### TRY IT
Could you write out, exactly as they stand, only the lines in the listing below from the line with "Fishing Sim World: Pro Tour - Lake Williams" to the line with "Megdaz un pueblo", both ends included, without the pictures?

### MATERIAL SUPPLIED
——————

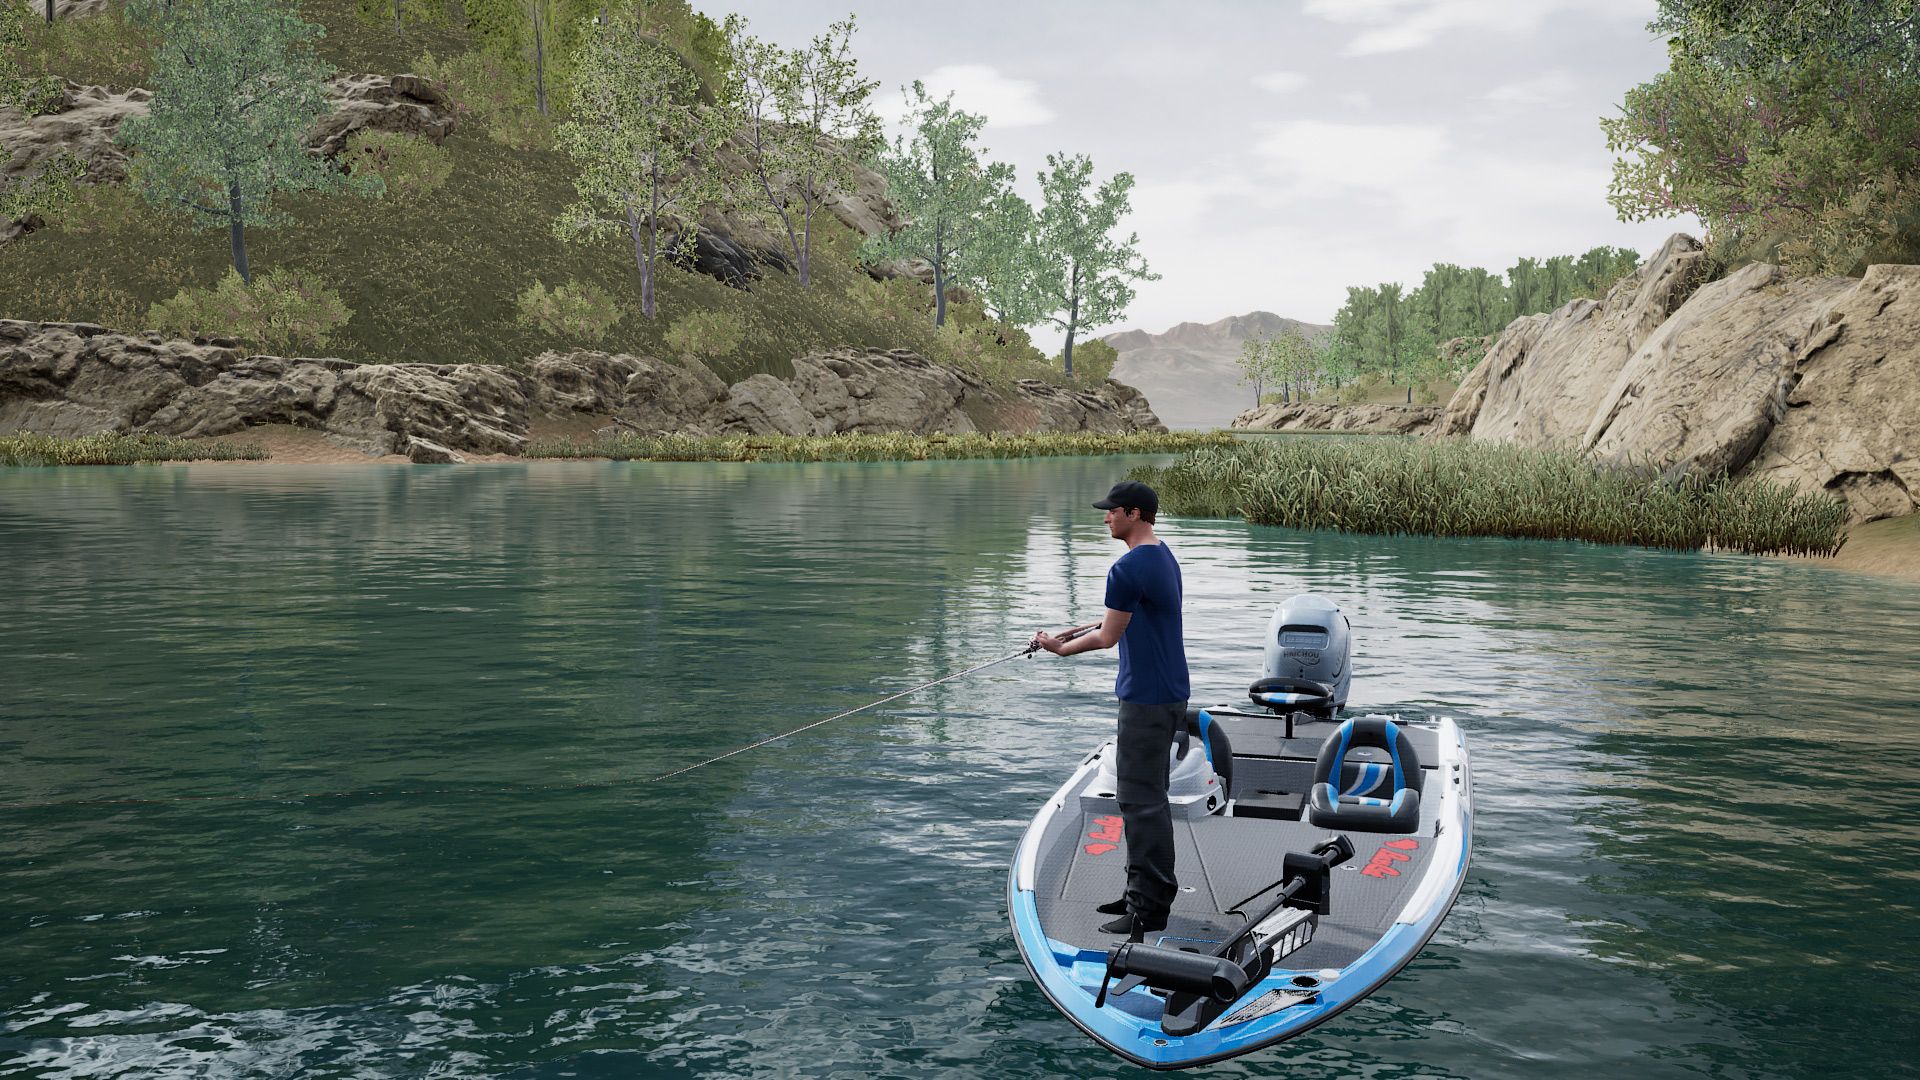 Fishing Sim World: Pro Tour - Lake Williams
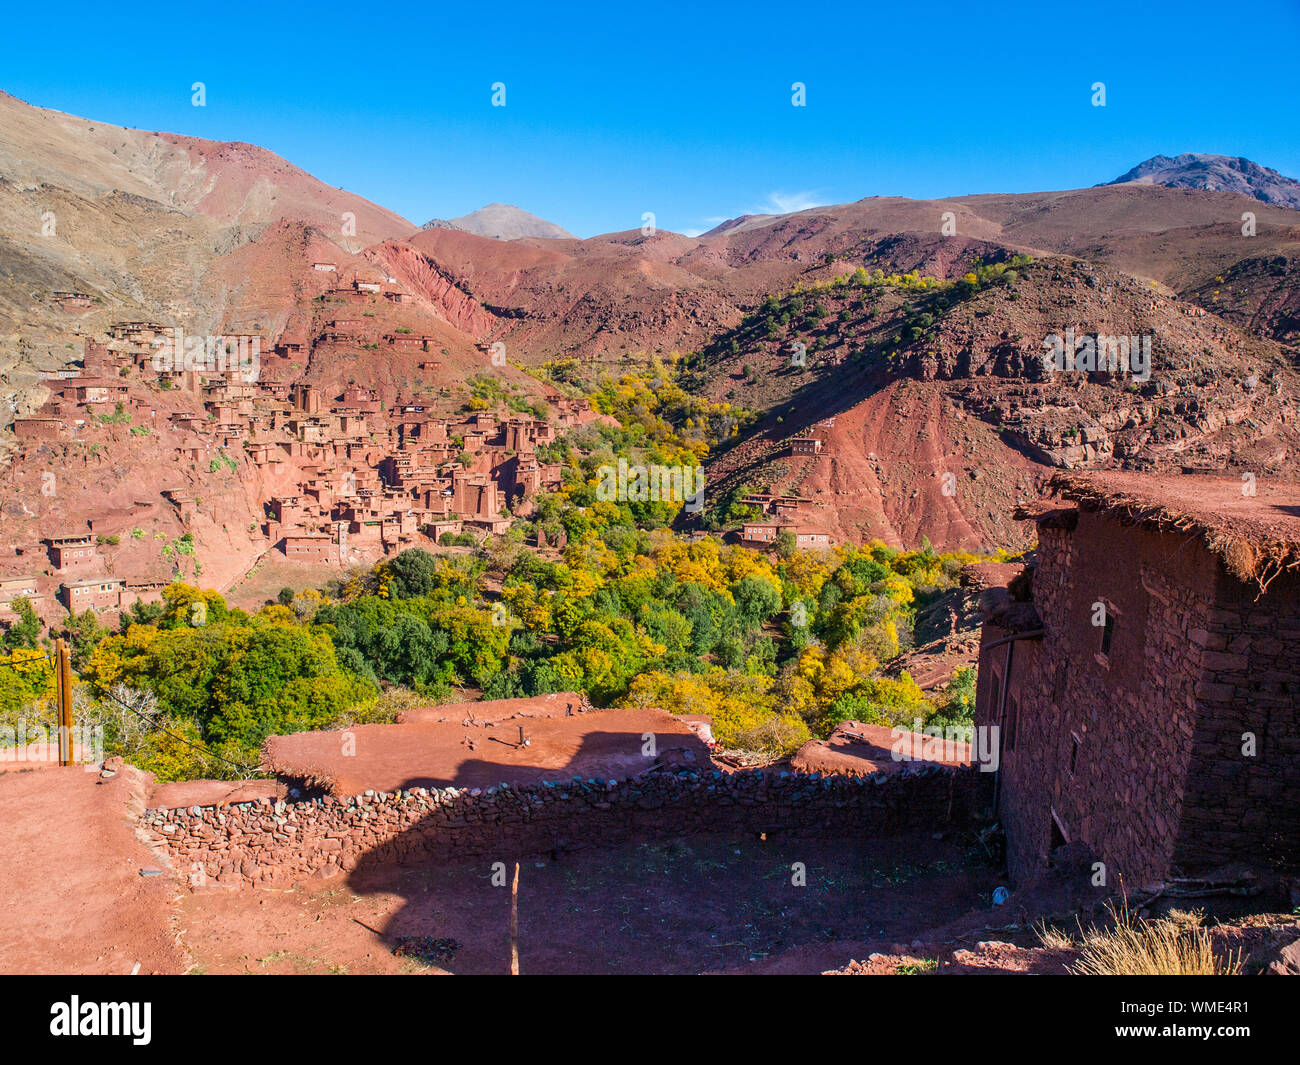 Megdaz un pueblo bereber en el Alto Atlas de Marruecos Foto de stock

——————

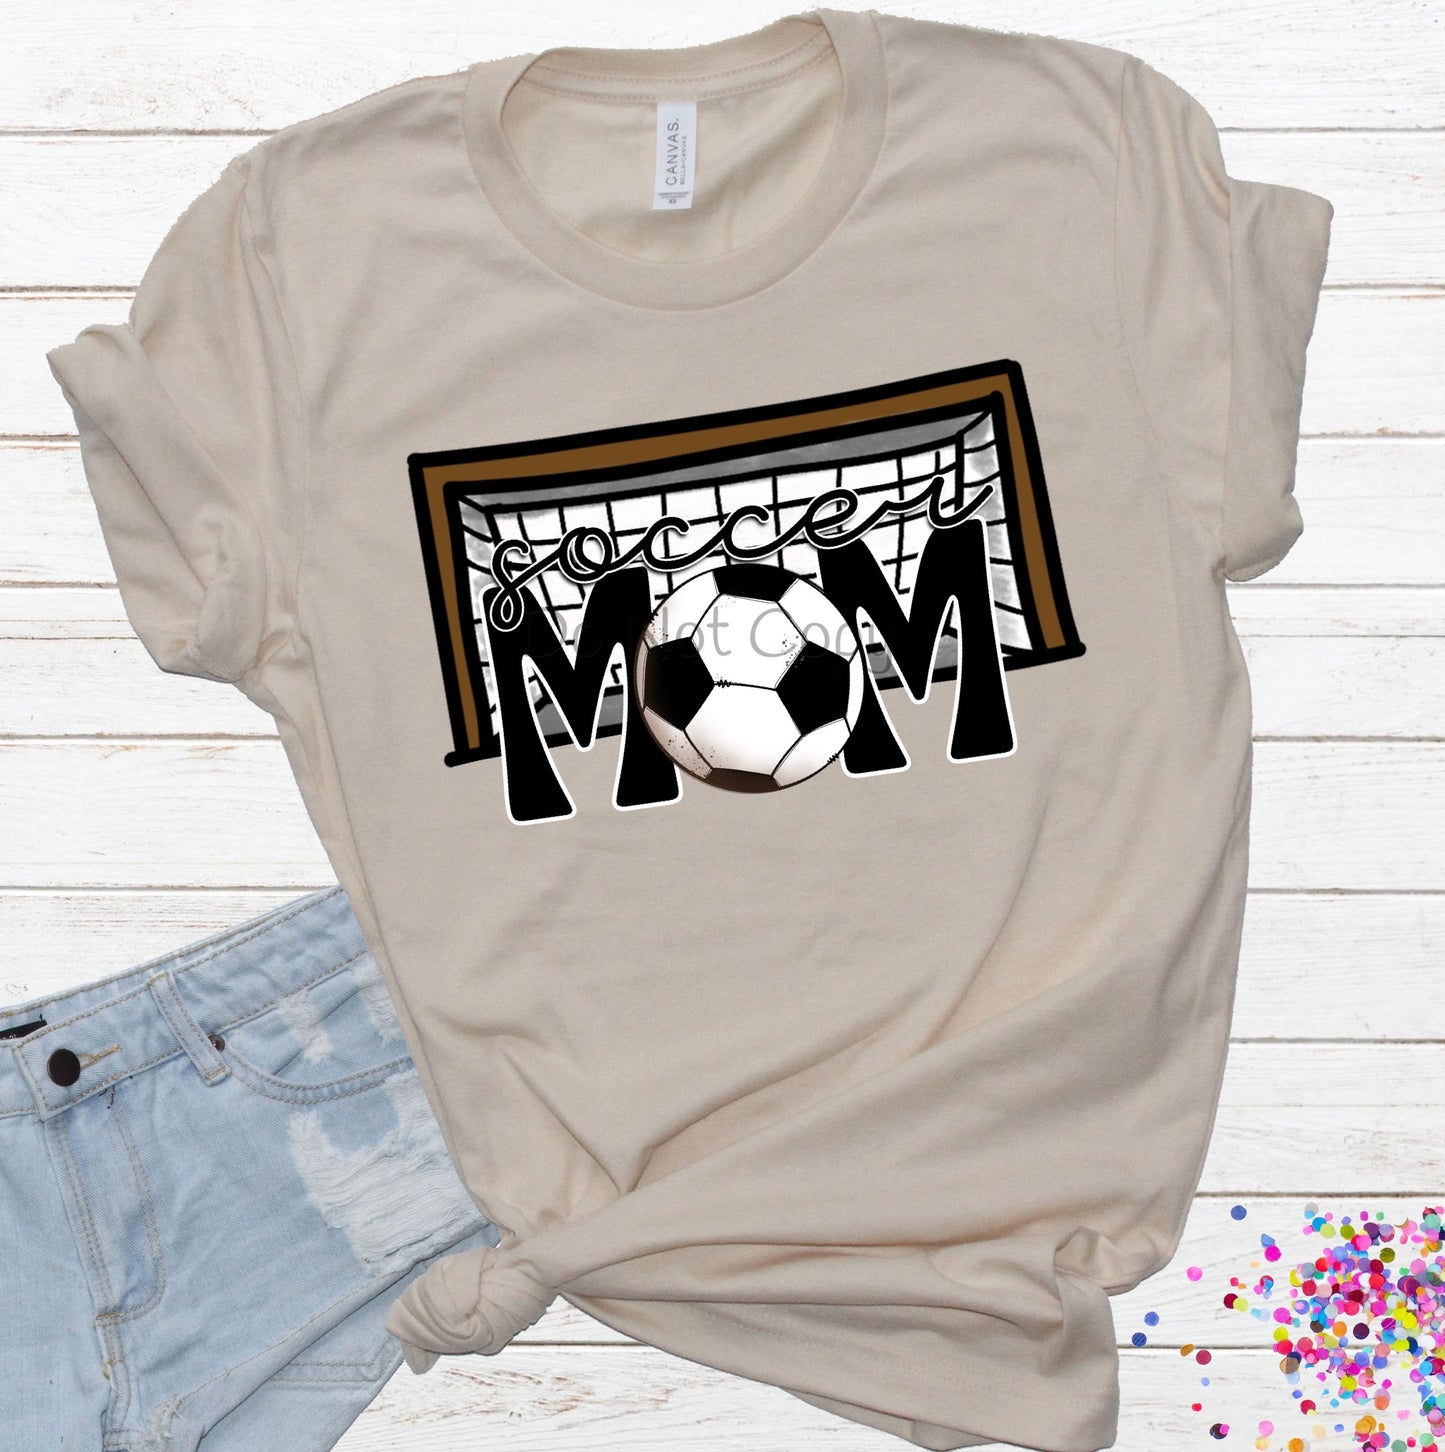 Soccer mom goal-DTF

——————

### ANSWER TO THE PROBLEM
 Fishing Sim World: Pro Tour - Lake Williams
 Megdaz un pueblo bereber en el Alto Atlas de Marruecos Foto de stock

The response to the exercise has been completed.